Speaker C: As, uh, you were living all of this, did you feel that anyone in the clinic, anyone in the middle, you know, kind of owning the process, felt oh, we need to do something about it or it was something that everyone just silently accepted, uh, from the, every

Speaker B: individual in the waiting room to eve us, to the front desk staff staff and to the clinicians that we saw eventually it just felt like status quo. This is just, it was accepted as just the way that our operation works. And um, you know, as, and again he's a brilliant doctor. So I can imagine patients just thinking like this is just our regular experience that we definitely felt that way, wasn't happy about it, but that's what it felt like. Mhm. Yeah.

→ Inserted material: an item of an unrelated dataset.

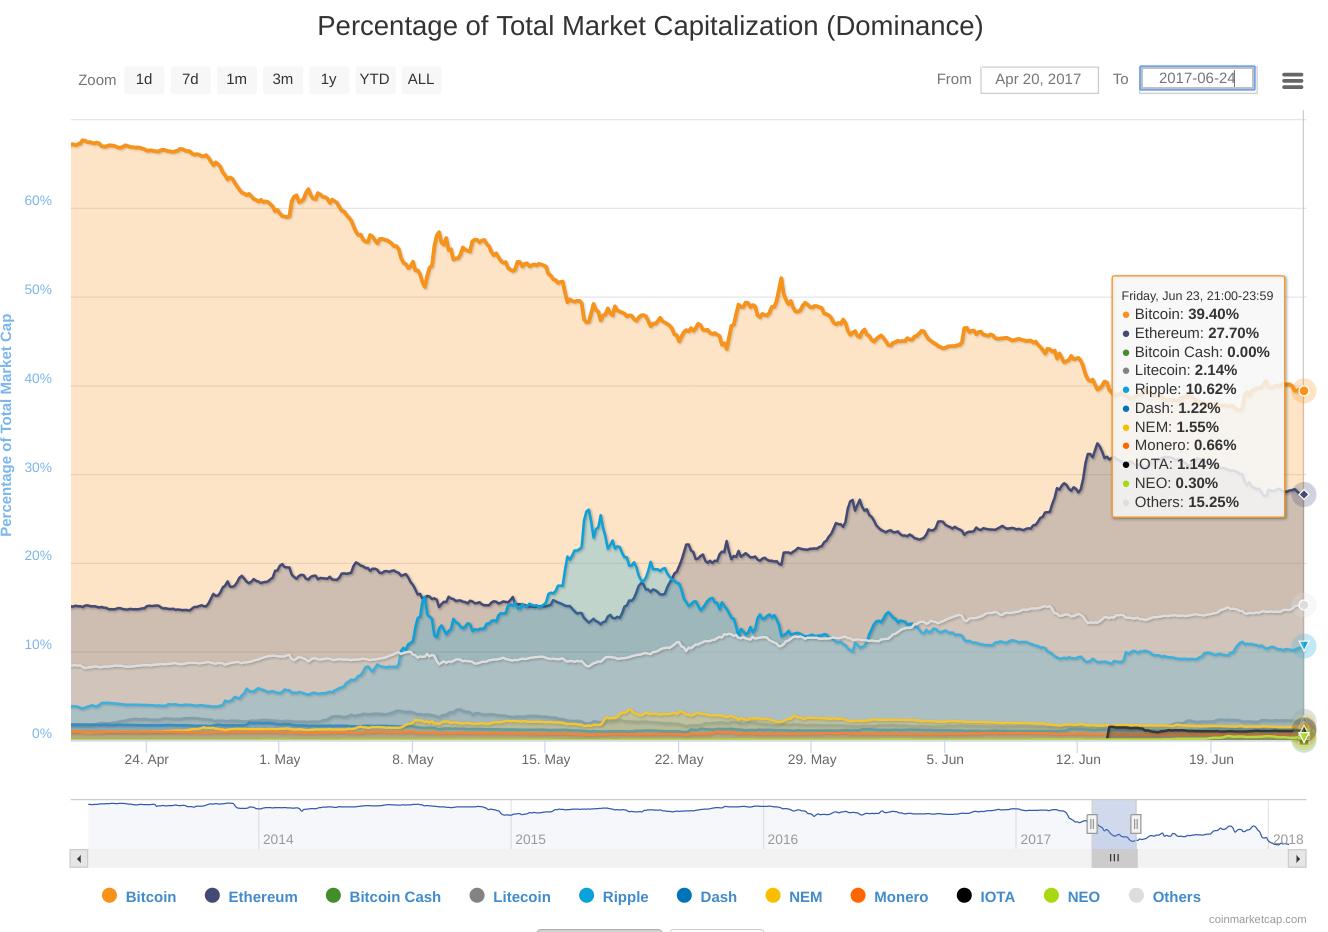 Bitcoin loses dominance

Speaker C: I Can hear you. And I, I've been part of the acceptance as well. So I understand where people were coming from, but. Okay, time for definitions. Love this story. Thank you for sharing. Um, now let's define the two ways that showed up. We talked about waiting and let's start with this. So waiting through a classical, uh, lean definition. It is any time where people work or information, they are just unable to move forward without getting stuck in the process.

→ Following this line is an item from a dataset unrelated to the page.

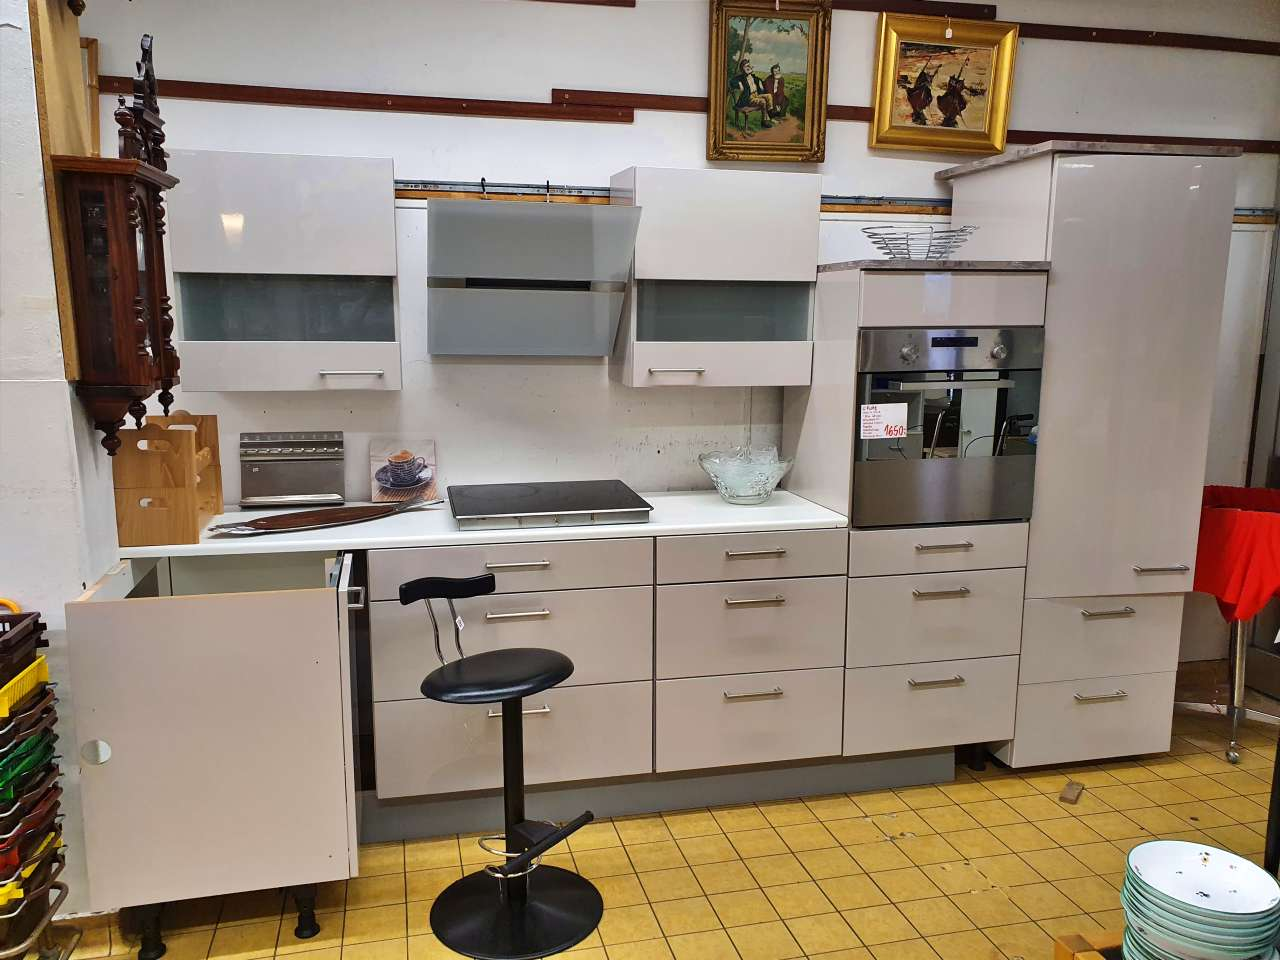 Einbauküche mit E-Geräten taupe hell

Speaker B: Right. So where that waiting showed up in the optometrist office was extended delays with no clear signal of progress. Patients were waiting long stretches without knowing what would happen next. And then, you know, what we recognized was care was technically available, it just wasn't flowing. Um, and then the experience wasn't just slow, it was uncertain. And that uncertainty is often what makes waiting feel even worse and heavier than you would normally feel. I hate waiting, especially when I don't know if I'm the next one up. So that showed up there as well.

Speaker C: It's anxiety inducing. I can totally see that. So now let's define the non utilized talent through a lean type of definition. It is a waste that occurs when people, skills, judgment or even experience, they are constrained by how a process is designed. Can you, can you give us, uh, an example, getting back to your story of the non utilized talent?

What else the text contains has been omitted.